Gestion de la mobilité
Dans les villes densément peuplées, la concurrence s’accroît pour accéder à des emplacements comme les parkings, stations de taxis, arrêts de bus, zones de livraison, pistes cyclables, etc. À ce pêle-mêle, les gestionnaires de la mobilité doivent maintenant ajouter des aires de décollage et d’atterrissage, à savoir des vertiports. Comment sera géré l’accès ? Et qui s’occupera de l’espace entre les bâtiments et la route, à savoir les trottoirs et leurs bordures ? L’AAM ajoute un niveau supplémentaire de complexité, soulignant ainsi la nécessité d’identifier les actifs en jeu et de définir des règles d’utilisation et de gouvernance partagées. Les utilisateurs devront recevoir des informations/données via des plateformes et des interfaces de programmation d’application (API).
Informations et systèmes
Aujourd’hui, les applications de mobilité sont facilitées par des plateformes de données ouvertes publiques (comme le fait le gouvernement français) et privées (par exemple Google) qui fournissent des API d’accès. Les applications de transport (par exemple Google Maps, Citymapper, Moovit) peuvent ensuite proposer des services de mobilité aux utilisateurs finaux. L’AAM peut-elle s’intégrer à ce monde ouvert ? Les données d’AAM ne concernent pas que la gestion du trafic ; elles incluent également les liaisons avec d’autres moyens de transport, les frais de déplacement, les délais d’attente aux vertiports, etc.

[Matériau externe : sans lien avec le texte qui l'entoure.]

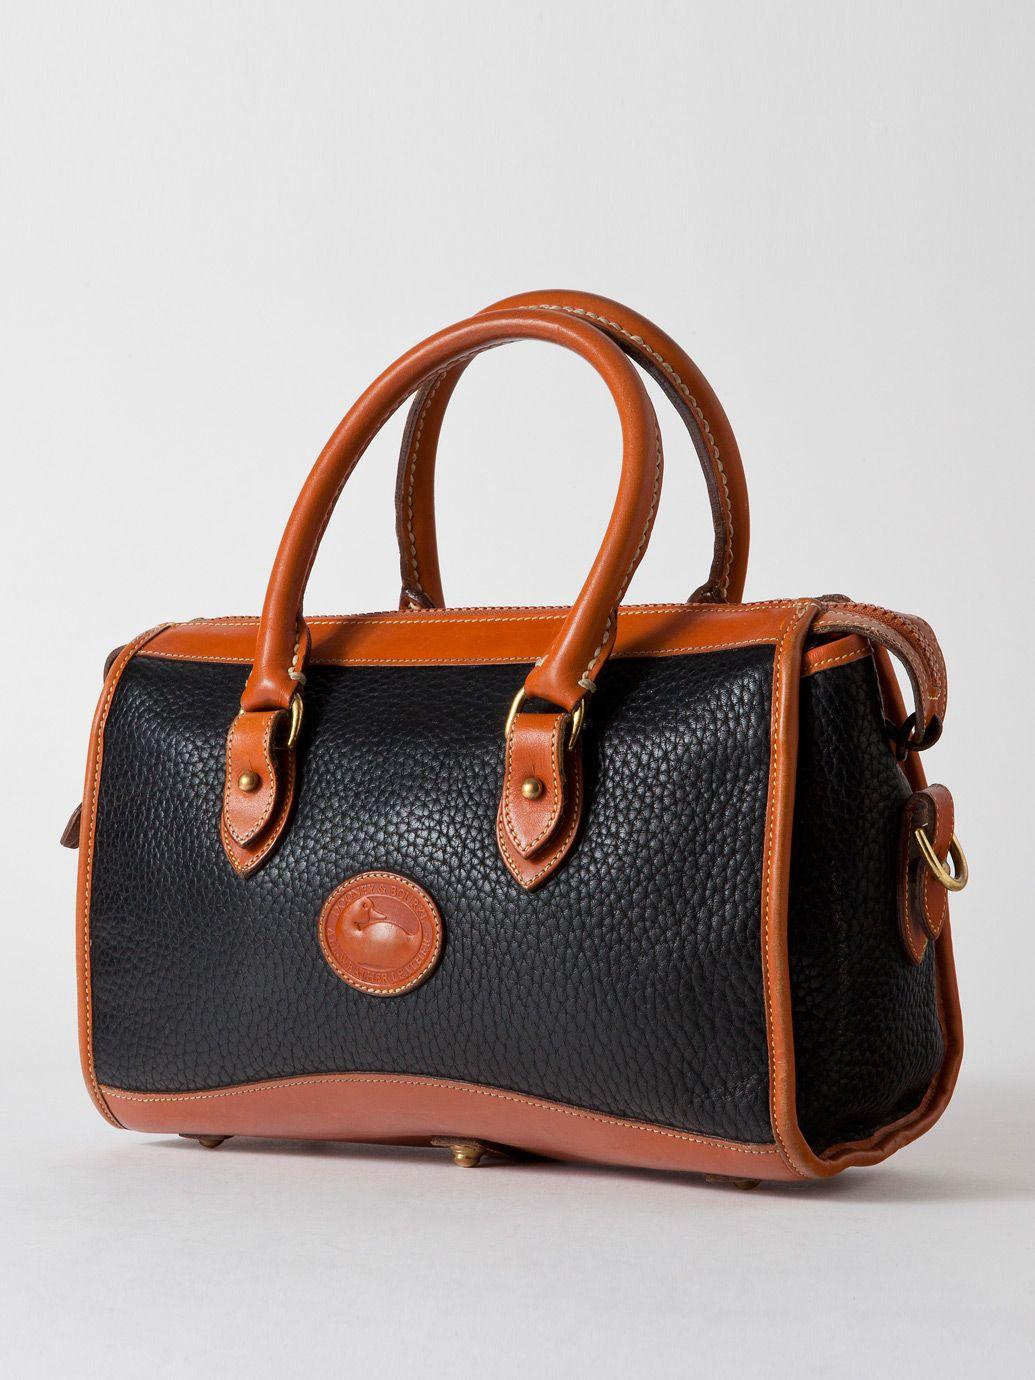 Vintage Dooney Bourke Satchel Bag

L’AAM devra donc être développée ou intégrée aux applications de transport destinées aux habitants et/ou à des tiers, et les systèmes de gestion du trafic devront être intégrés aux systèmes de transport intelligent (ITS) des autorités de transport. Un outil pourrait s’avérer utile, à savoir le MDS (Mobility Data Specification), un outil numérique et une démarche de standardisation qui permet aux villes de mieux gérer les transports en normalisant la communication et le partage de données entre les villes et les prestataires privés de services de mobilité. Pou réaliser tout cela, il sera essentiel de définir une gouvernance et une architecture des données.
Schéma directeur
L’intégration de l’AAM dans les villes est une question complexe, car la mobilité urbaine est complexe. L’industrie aéronautique ne peut pas travailler sur l’AAM de manière isolée. C’est pourquoi il est capital de comprendre les concepts d’urbanisme et de mobilité. Les concepts de conception axée sur les flux de transport, de gestion de l’espace public et de mobilité en tant que service (MaaS) font partie intégrante de la solution d’intégration, et la mise en œuvre d’un plan directeur de la mobilité est un facteur clé de réussite. Cela implique d’adopter une approche globale et pluridisciplinaire, d’établir un cadre commun pour tous les modes de transport, d’identifier les parties prenantes et d’organiser la gouvernance.
La voie à suivre
L’intégration de l’AAM dans les villes intelligentes est synonyme de transformation majeure pour le transport et le développement urbain. En adoptant des technologies de pointe et en encourageant la collaboration, les villes peuvent tirer parti de l’AAM pour améliorer la mobilité, la connectivité et la qualité de vie globale de leurs habitants. Des villes nouvelles comme NEOM en Arabie Saoudite, Dubaï dans les E.A.U. et Nusantara, capitale de l’Indonésie, ont toutes intégré la mobilité aérienne à leur schéma directeur de la mobilité. Voilà la voie à suivre : une approche descendante qui s’attaque à la question de la complexité et qui fait dialoguer efficacement aviation, urbanisme et mobilité.